TRY IT: A partial copy is required: transcribe exactly the lines from the one containing "Wallpaper Ubuntu - Ubuntu" through the last line below, without any pictures.

SUPPLIED INFORMATION:
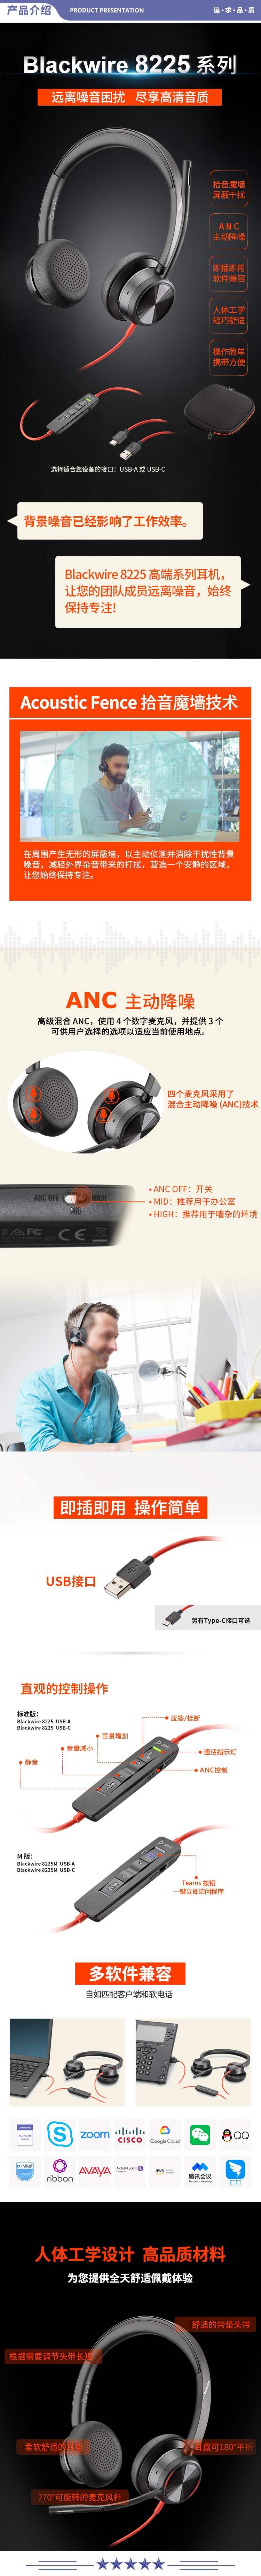 缤特力 PLANTRONICS BW8225 主动降噪办公耳麦 高保真立体声耳机 USB有线会议耳麦 2.jpg
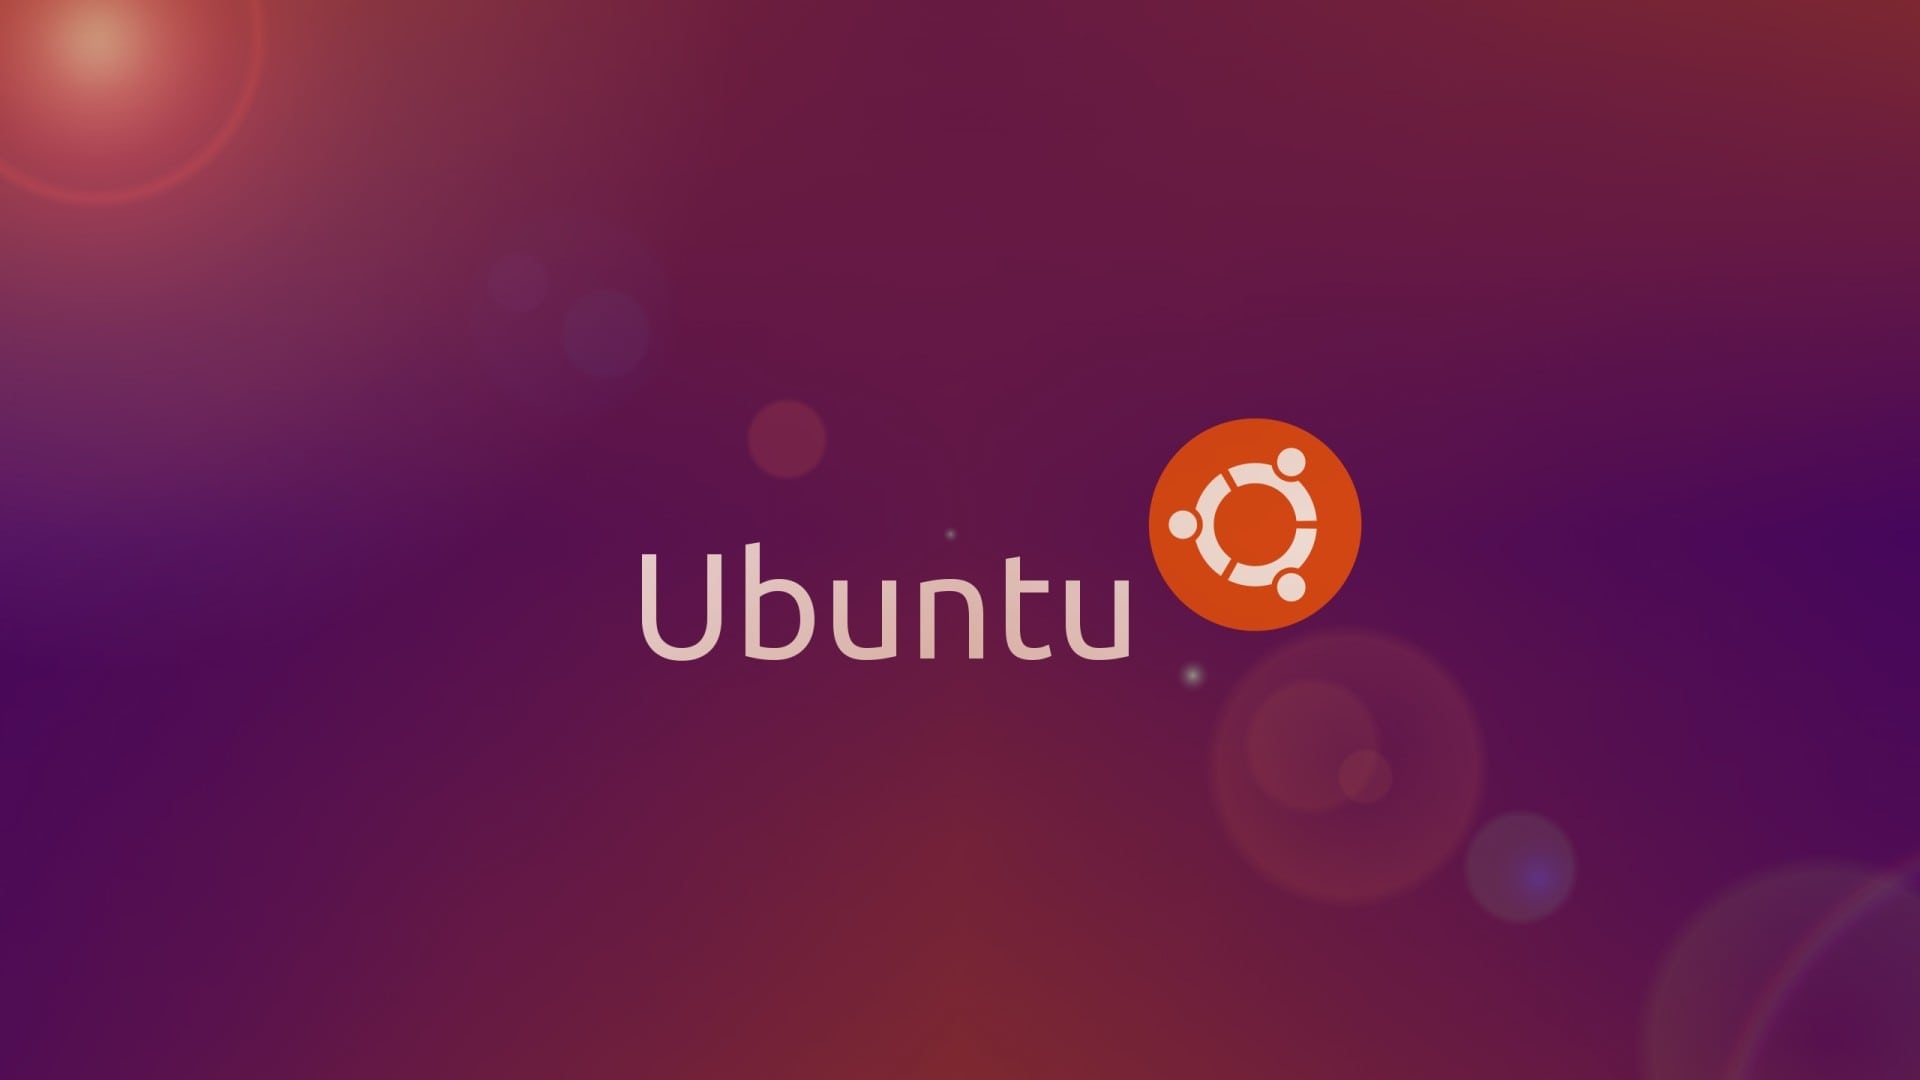 Wallpaper Ubuntu - Ubuntu Hd , HD Wallpaper & Backgrounds
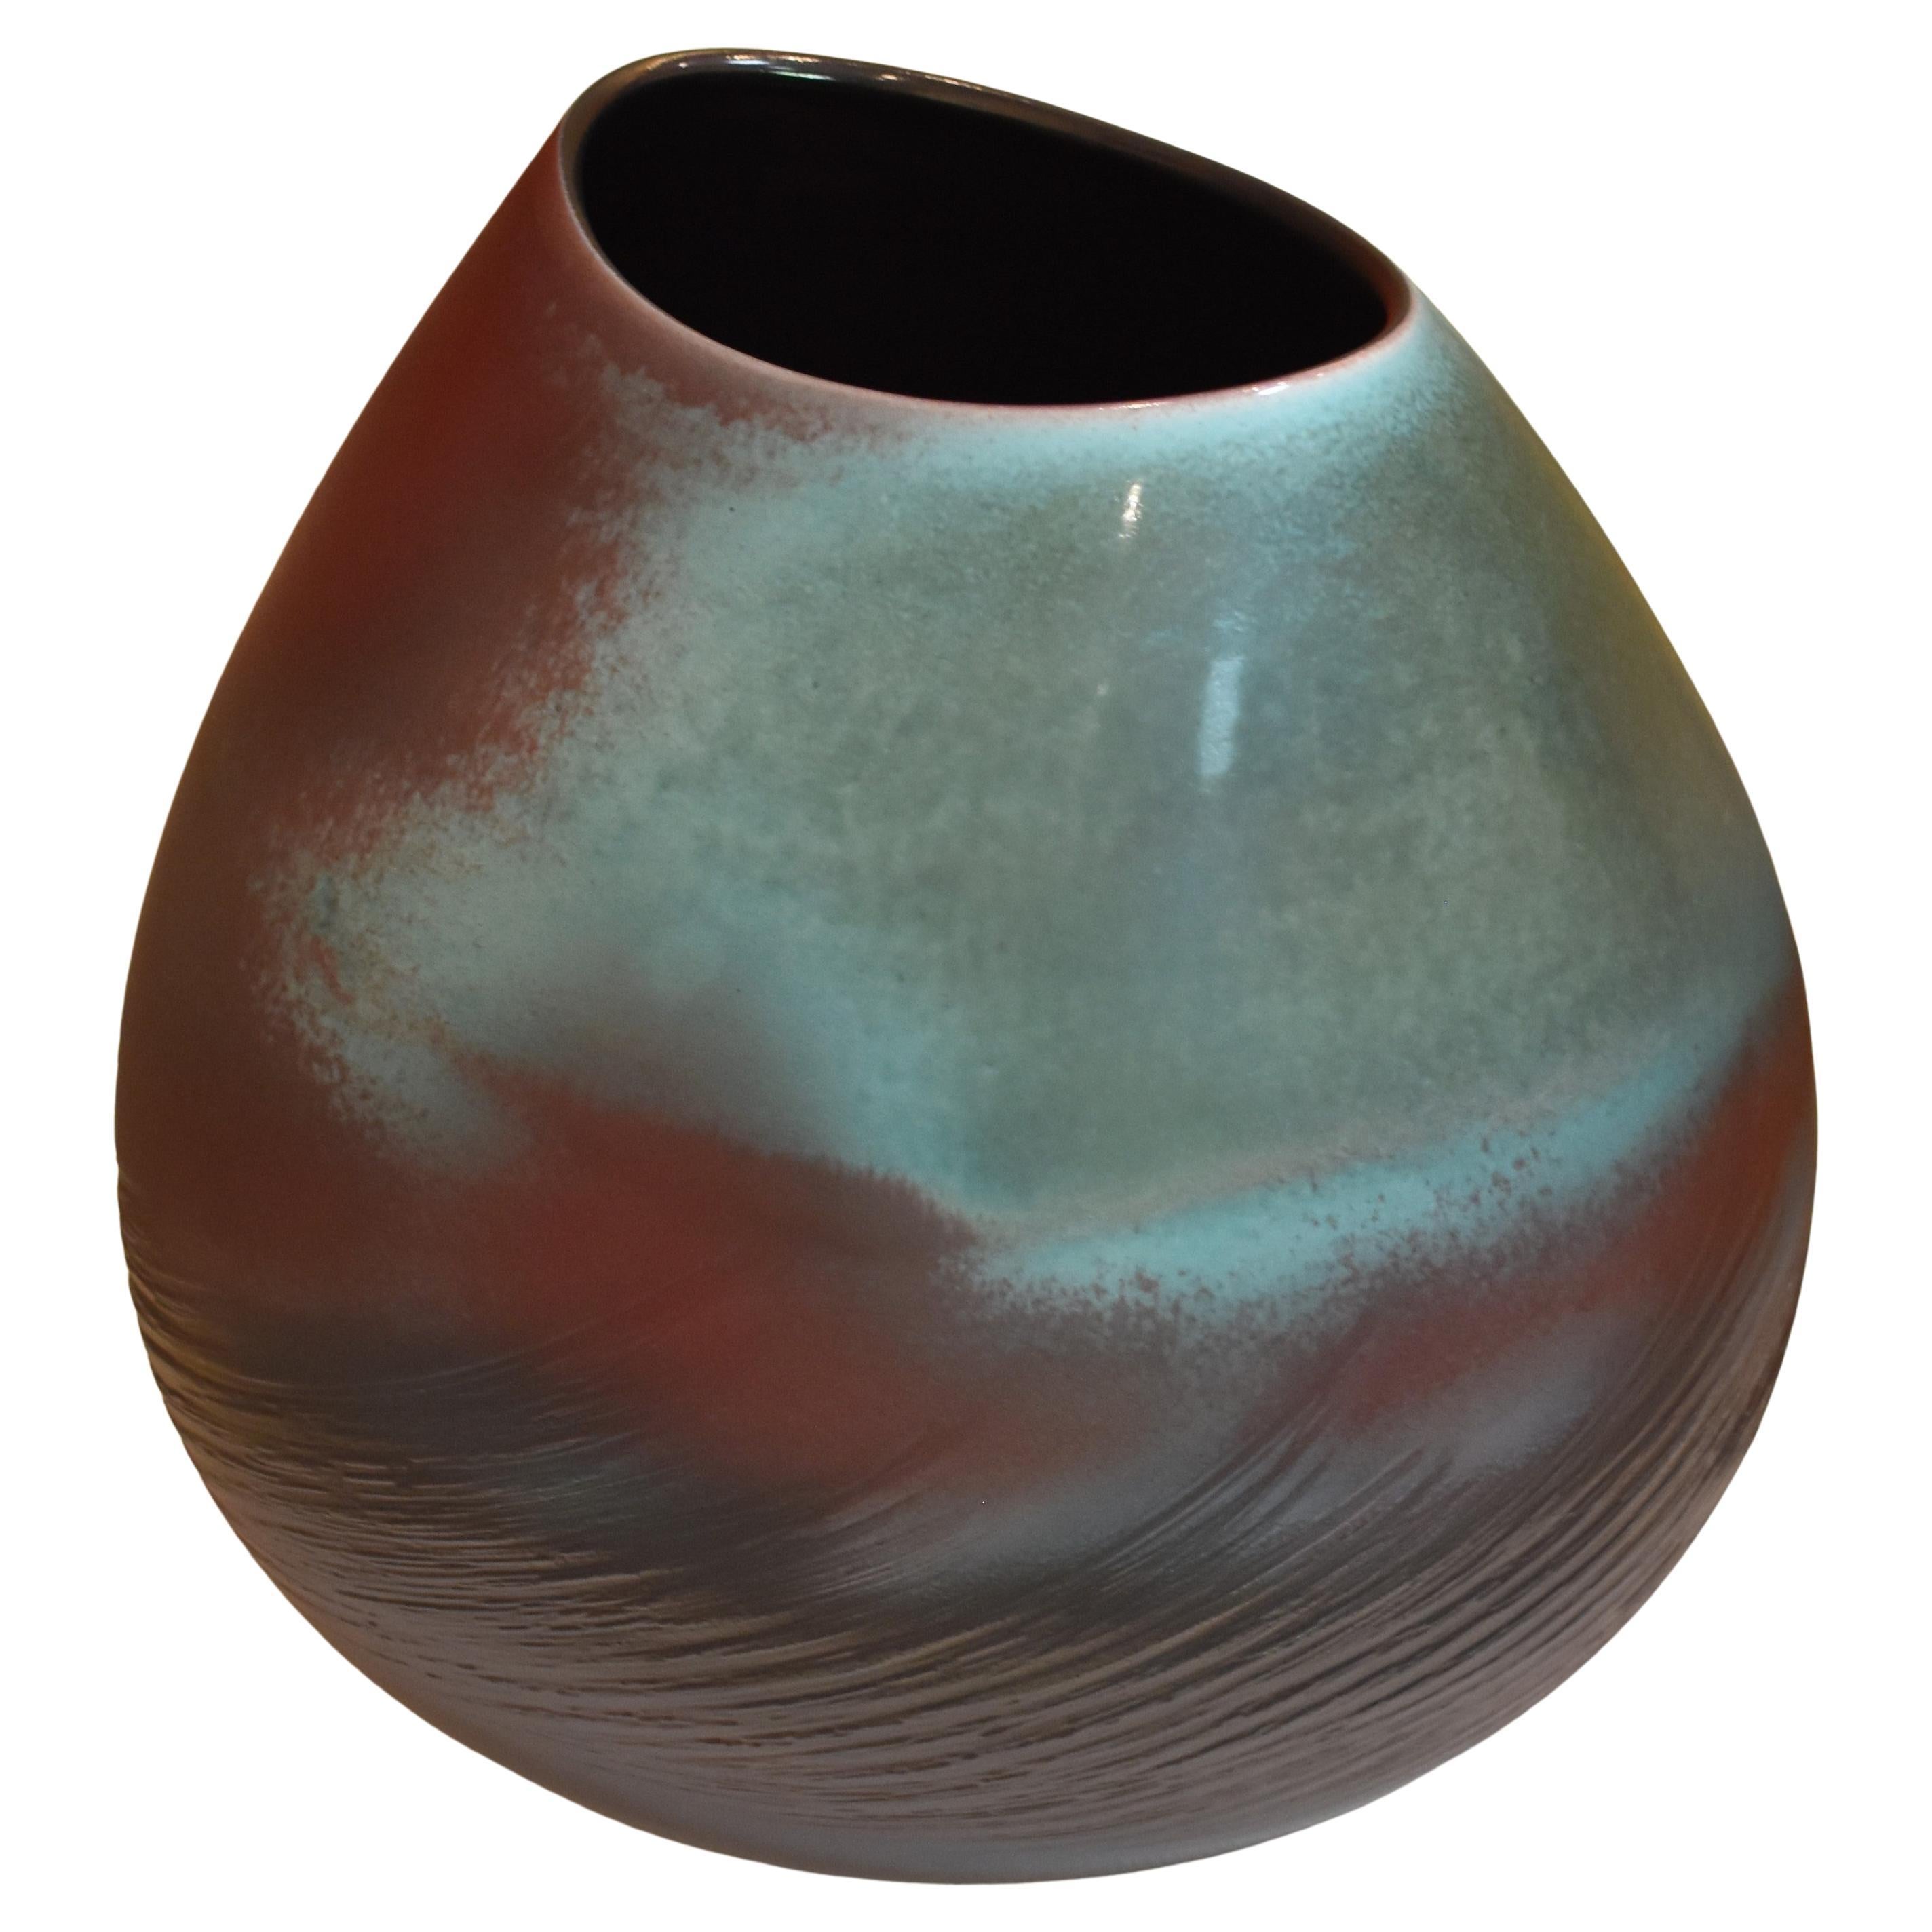 Vase japonais contemporain en porcelaine marron et bleue émaillée à la main par un maître artiste, 2

THE ANSWER:
 Wallpaper Ubuntu - Ubuntu Hd , HD Wallpaper & Backgrounds
 Vase japonais contemporain en porcelaine marron et bleue émaillée à la main par un maître artiste, 2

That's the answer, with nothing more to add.